The difference between seeing red and making amends is the openness in seeing half truths and lying in them. I hate being stuck in the middle. Thirstiness awakens the sleep that inhabits my anxiety. My prescription ran out yesterday so excuse my paranoia, it comes naturally.

History is at the root of depression, the negative of expression. The weight of it fills movie theaters, jail cells, TV shows and street corners. slavery

freedom/pain/ignorance

The library of street ain't got no books to check out, but the street always could tell more than you needed to know. Many of us don't know our family tree. We are mad at each other, mad at them-most don't know why. I'm trying to calculate the time between reconstruction and public housing, while others are debating similar characteristics between man and ape. Linked by blood matches, the truth seems absurd and you should lie more. Converse with the family tree and leaves may fall. The oxymoron of life is giving me head rushes. The knot in my neck tells that I'm stressed and my lack of action is the tension, but I only know how to talk to people with framed diplomas and I write well…can't get my hands dirty though, don't want to see much 'cause I can't get killed over this. Organization only lists my paranoia in steps: action: reaction: Reflection. Work then play, "take care of your priorities." So I mix business with pleasure to be GOD. Members at the country club and golf outings (no offense Tiger) swing their hearts on their shoulders and shove their brains in their pockets. The islands of adventure make me wonder why we live on the same planet and how long will it take to move. People walk the trail of tears every day. Generations of dreams pump red, my veins pump red, and I give away the green only getting it back in biweekly payments after taxes-my reward for being productive. Bringing it back, bringing it back, the roots tie around my faith and I know why I counted you. Census of learning. We dream of how it tastes.

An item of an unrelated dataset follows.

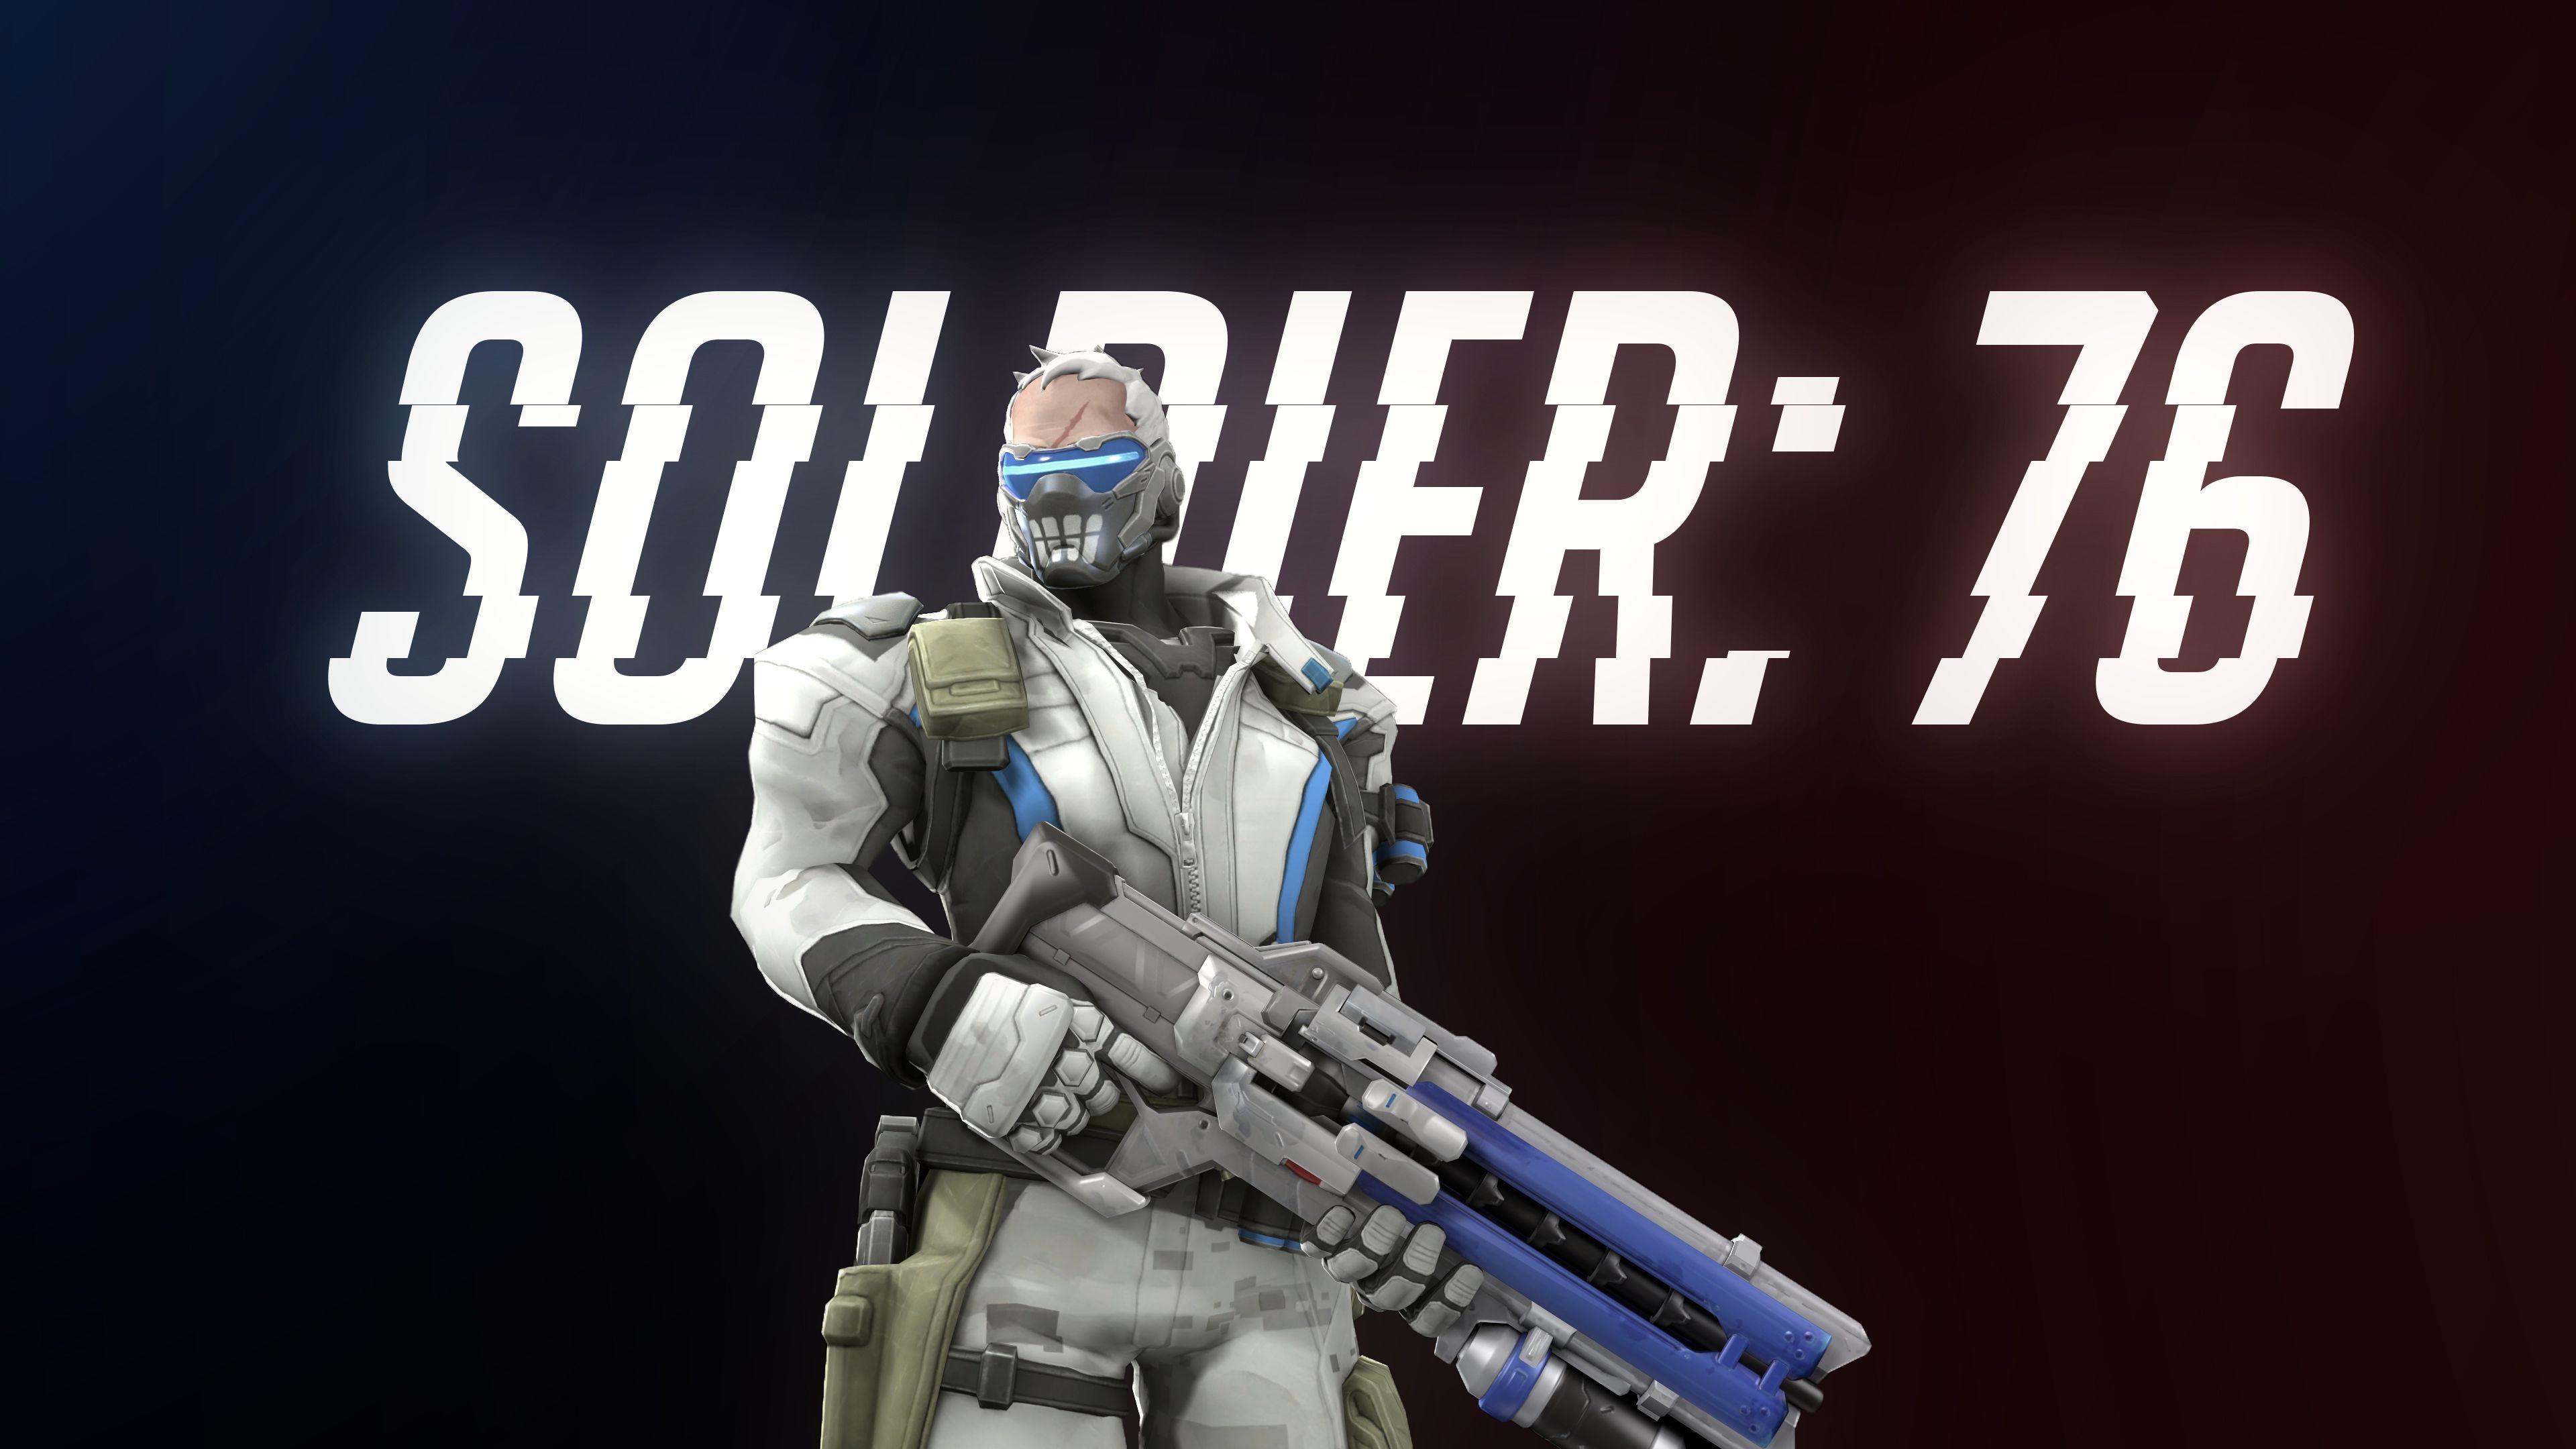 soldier 76 overwatch 2

Freedom is knowing your name, we devour the scent of it at the sense of reality that is so departmentalized we get a hint of it in lay-a-way deposits. I rent to own this faith 'cause I'm not sure about tomorrow, we are not sure how tomorrows fit on us. My classmate up north knows that he will own his father's business…knows that he will be a doctor someday…just bought his ticket to the Far East to begin his exploration of the world and live a little before going back to Grad school. Where is my legacy and why do I have the pressure of carrying a race to highness?

I'm nothing, but a bunch of insults and compliments and I fit accordingly to random sets of criteria on whim. It's all good and fucked up at the same time. Which way is the rhythm of my step? 'Cause I have generations of hopelessness and I walk with 2 left feet.